Dataset items
+--
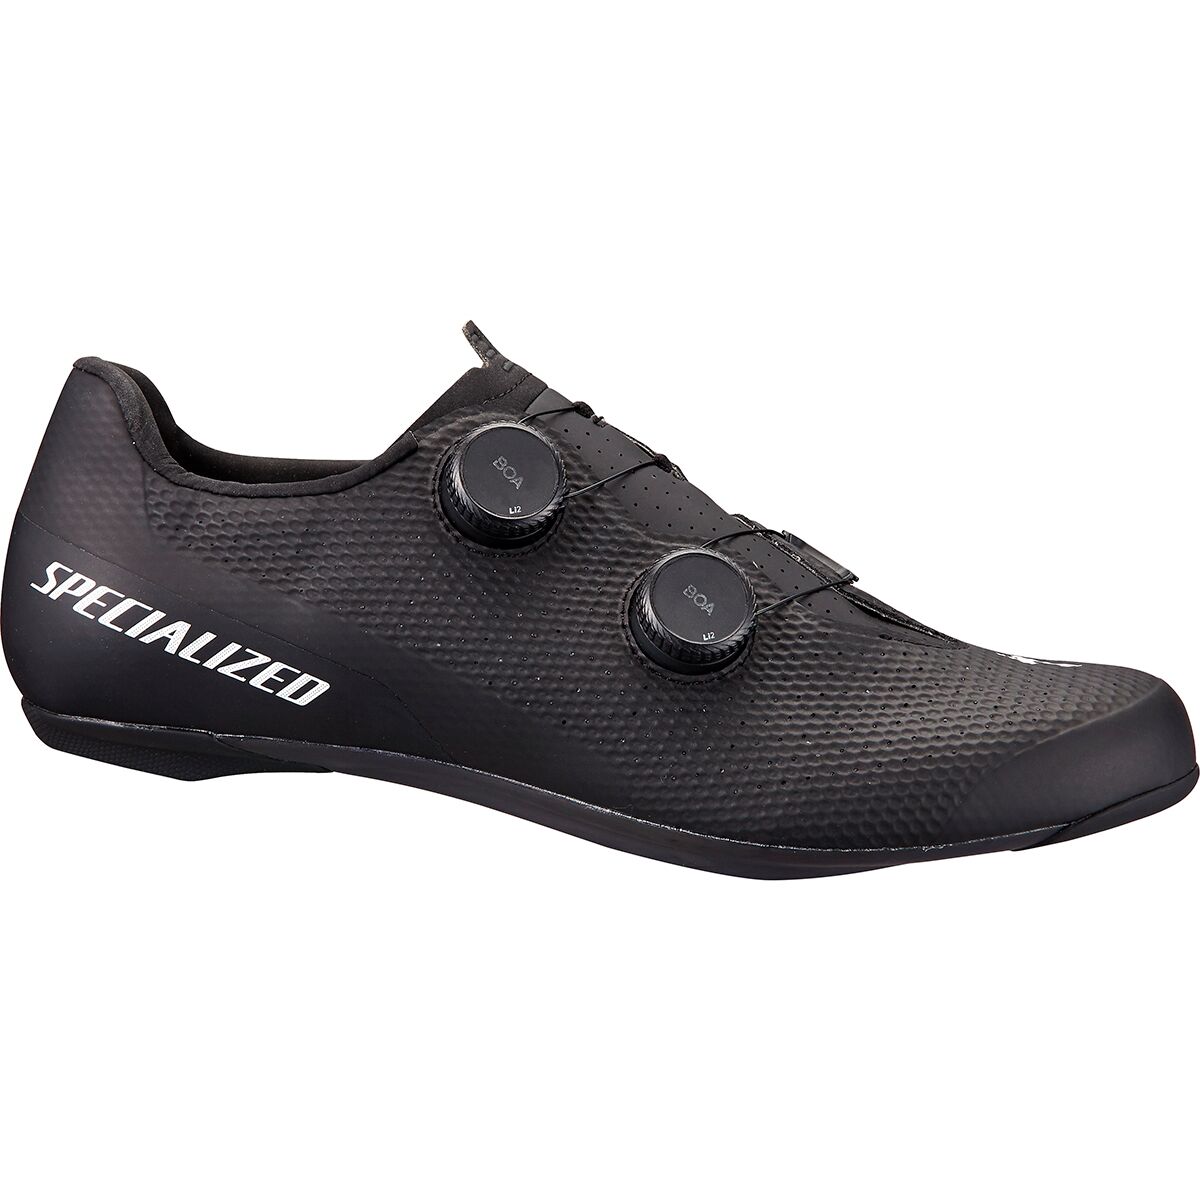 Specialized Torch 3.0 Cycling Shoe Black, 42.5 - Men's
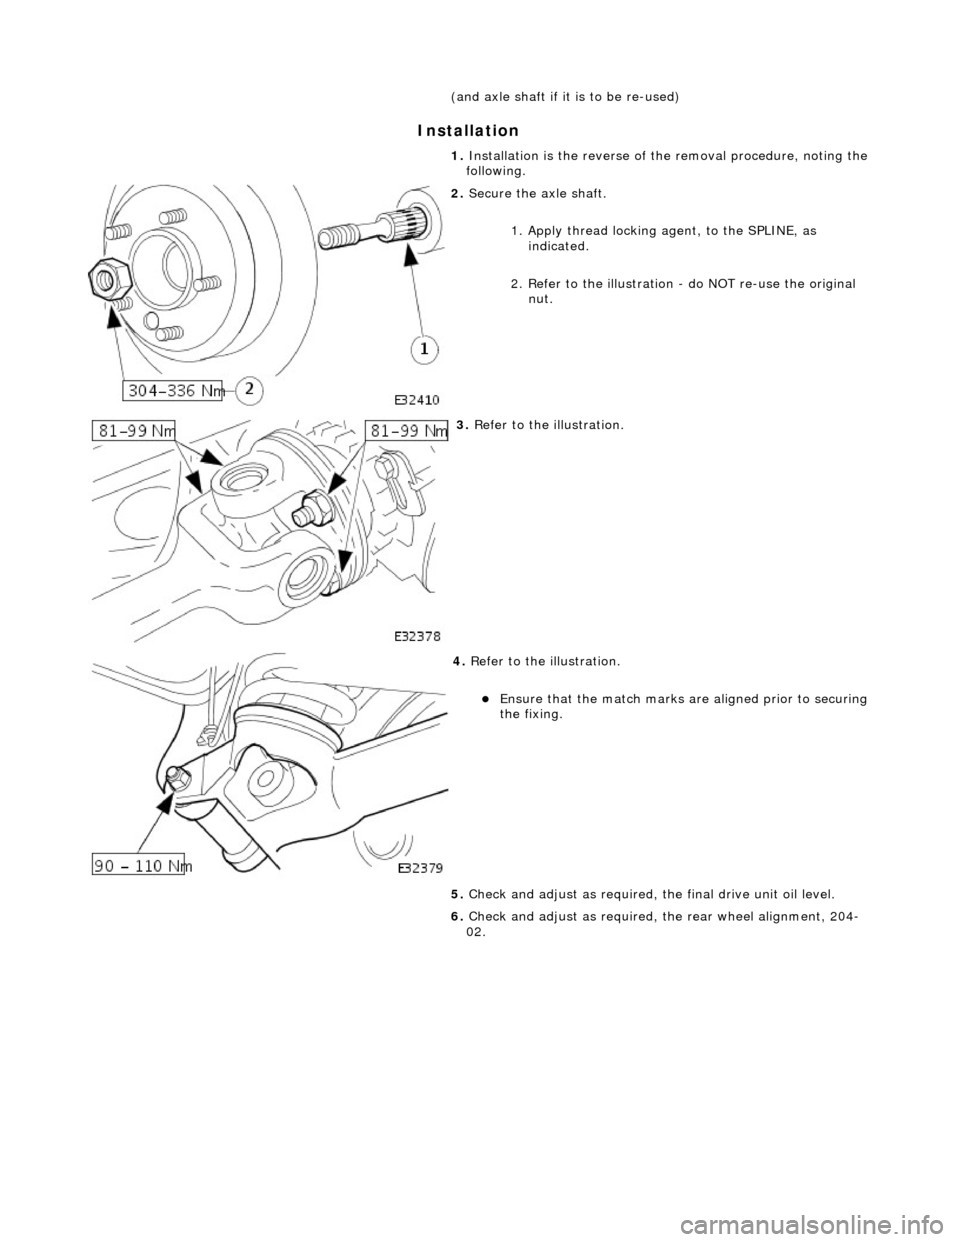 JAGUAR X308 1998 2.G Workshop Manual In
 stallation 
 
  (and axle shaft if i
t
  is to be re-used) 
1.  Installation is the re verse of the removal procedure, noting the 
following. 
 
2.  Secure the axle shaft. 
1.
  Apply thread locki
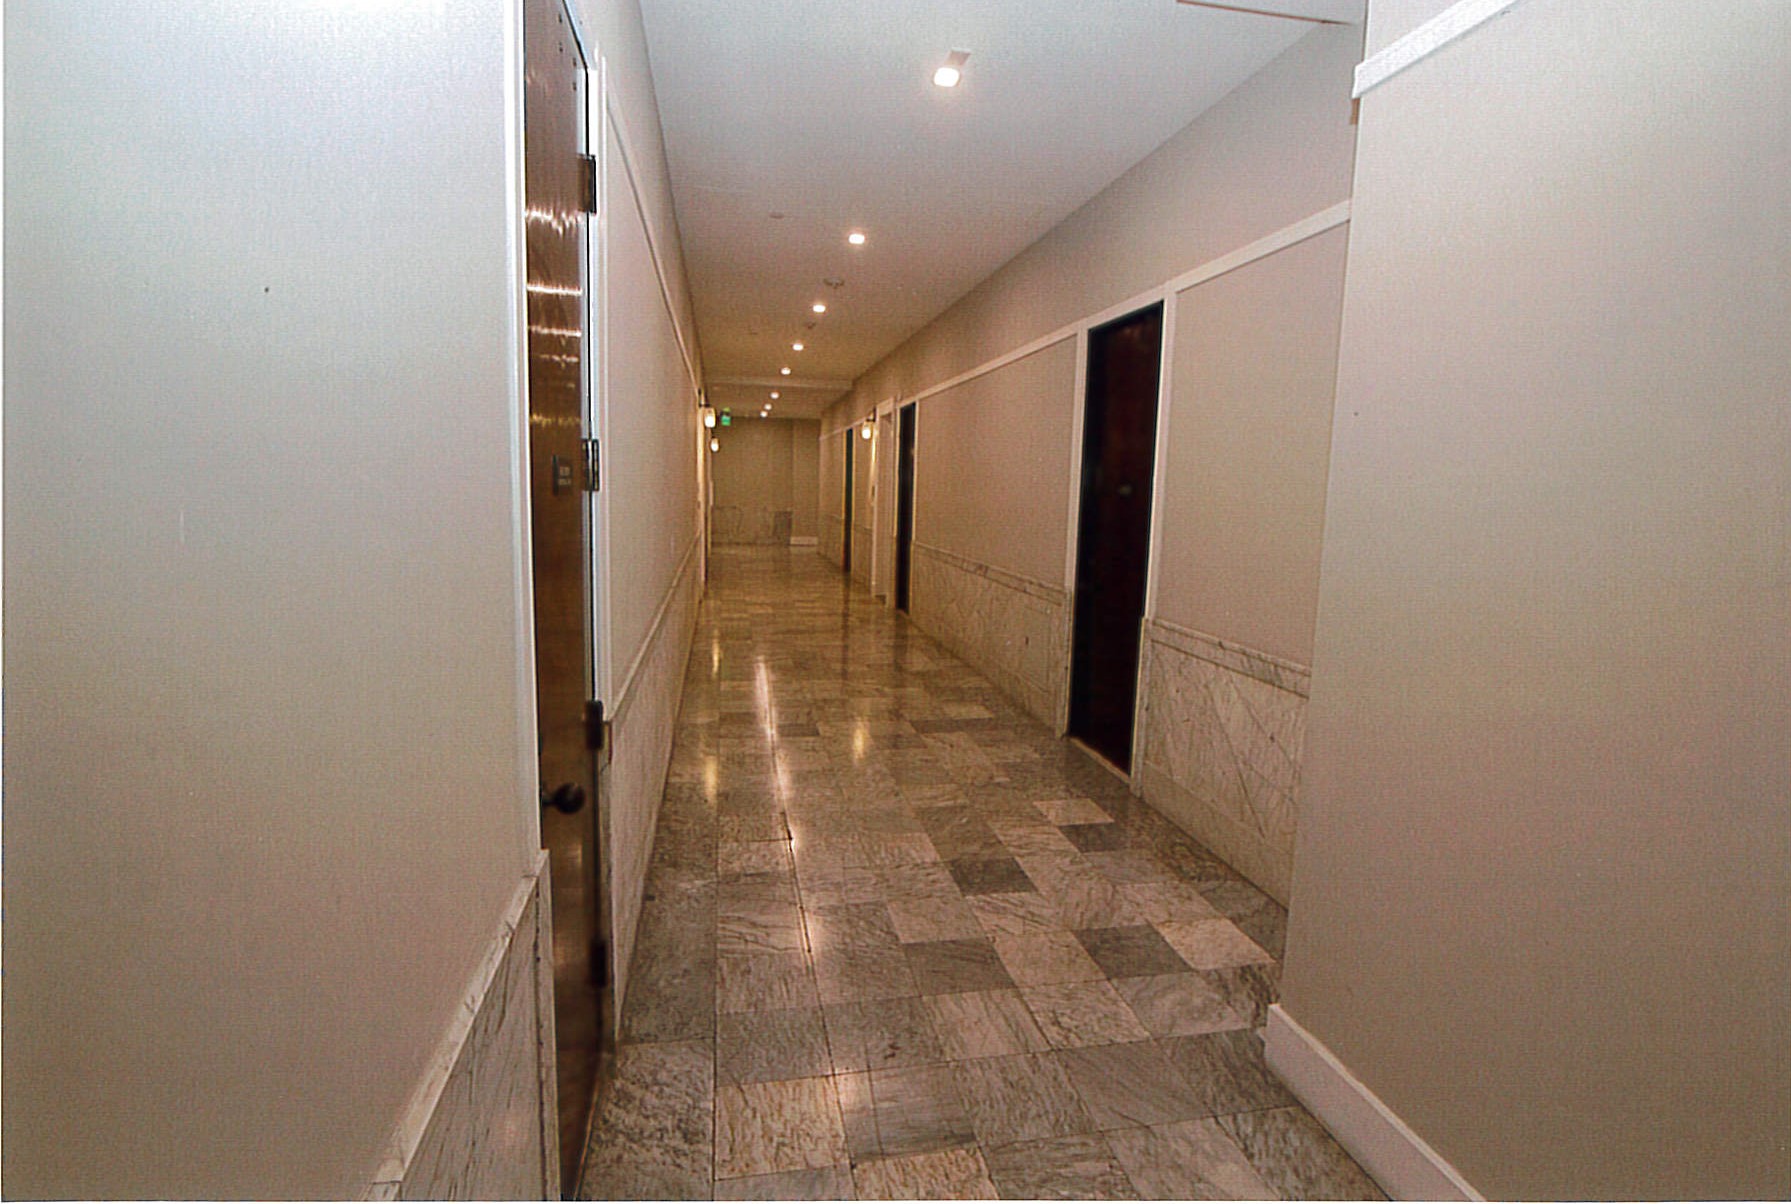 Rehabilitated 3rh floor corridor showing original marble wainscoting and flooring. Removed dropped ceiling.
+--
BRIEF.
Every line in the records above that holds "shaft" counts once; state the total and nothing else.

TASK RESULT.
2